Young researchers win 2012 SLAS awards

THE SOCIETY for Laboratory Automation and Screening (SLAS) has named the four recipients of its 2012 Young Scientist Awards. They are Brian Cox (not the TV science celebrity, but a namesake at the University of Toronto); Lauren Drowley of AstraZeneca; Zafer Gezgin of Rutgers University, and Jonas Kuehn from the École Polytechnique at Lausanne.

Awards are worth US$500 cash plus an expenses-paid trip to the SLAS conference and exhibition, to be held 4-8 February 2012 in San Diego, USA.

The four winners have each given a top presentation at a conference hosted by one of SLAS’s partner organisations. These are the Institute of Food Technologists and the International Society for Stem Cell Research, both in the USA, MipTec in Switzerland, and the European Laboratory Robotics Interest Group (Elrig) in the UK.

In San Diego, the four winners will take part in the student poster competition, with the possibility of further cash prizes.
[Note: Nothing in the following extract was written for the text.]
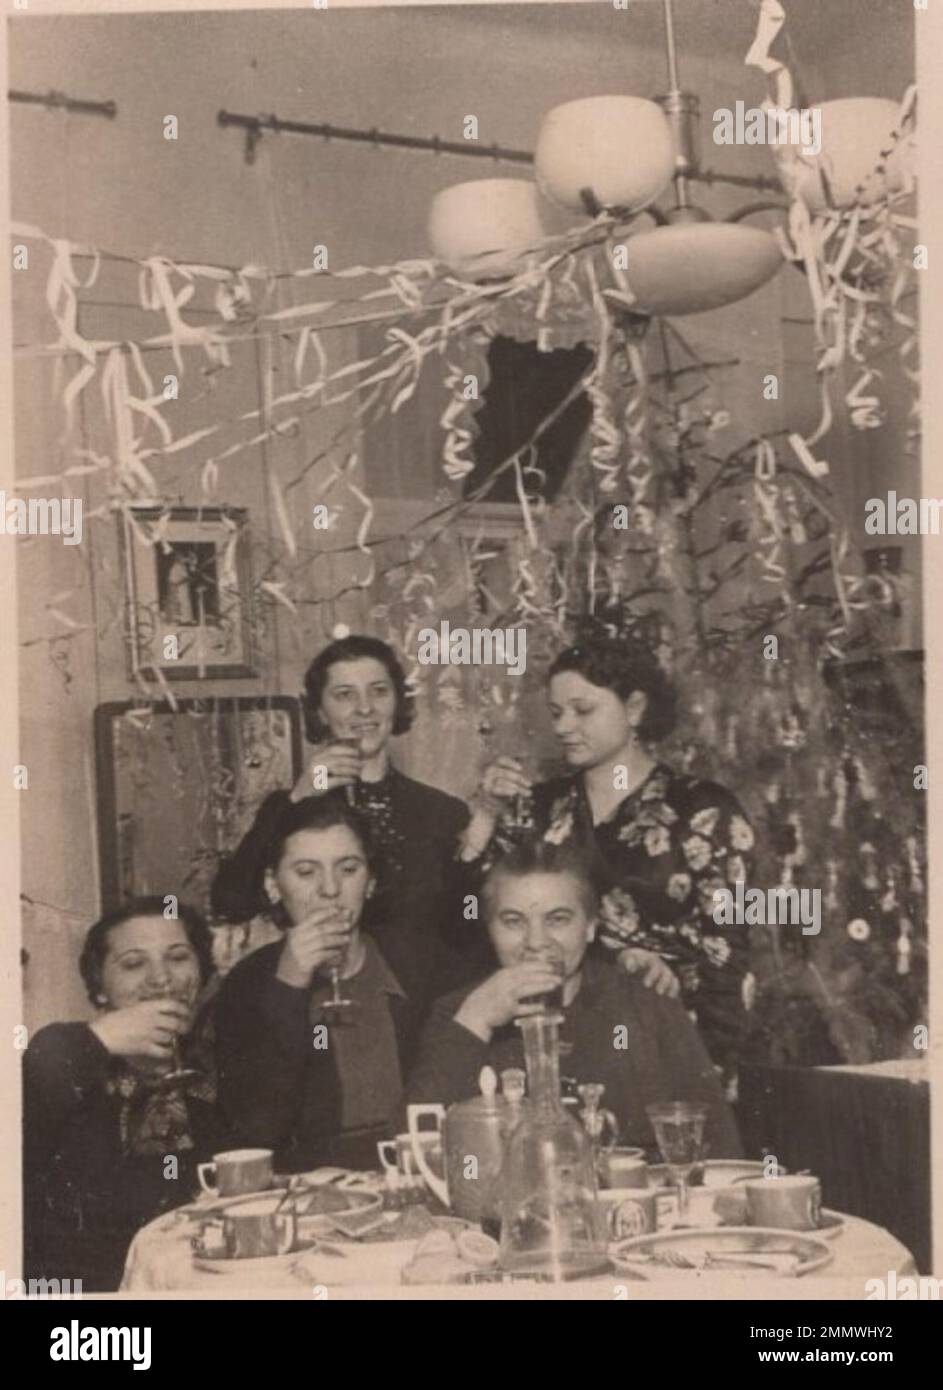 Vintage drinking / life event / celebrations / family photo / friends photo / vintage trip / vintage celebration / group photo / vintage family / vintage friends / Additional-Rights-Clearences-Not Available Stock Photo

The winning presentations are:

  • A Resource of Stem Cell Membrane Proteins for Lineage-Specific Isolation and Analysis of Early Mouse Development (Brian Cox, University of Toronto; International Society for Stem Cell Research).
  • Development of High-Content Imaging Assay to Assess a Regenerative Medicine Approach to Diabetes and Obesity (Lauren Drowley, AstraZeneca; European Laboratory Robotics Interest Group)
  • Food Nanotechnology on the Shelf: Fabricating Nano-Thin Ice Nucleating Layers on Polyethylene Films (Zafer Gezgin, Rutgers University; Institute of Food Technologists)
  • Label-Free Cytotoxicity Screening Assay by Digital Holographic Microscopy (DHM) (Jonas Kuehn, École Polytechnique Fédérale de Lausanne; MipTec)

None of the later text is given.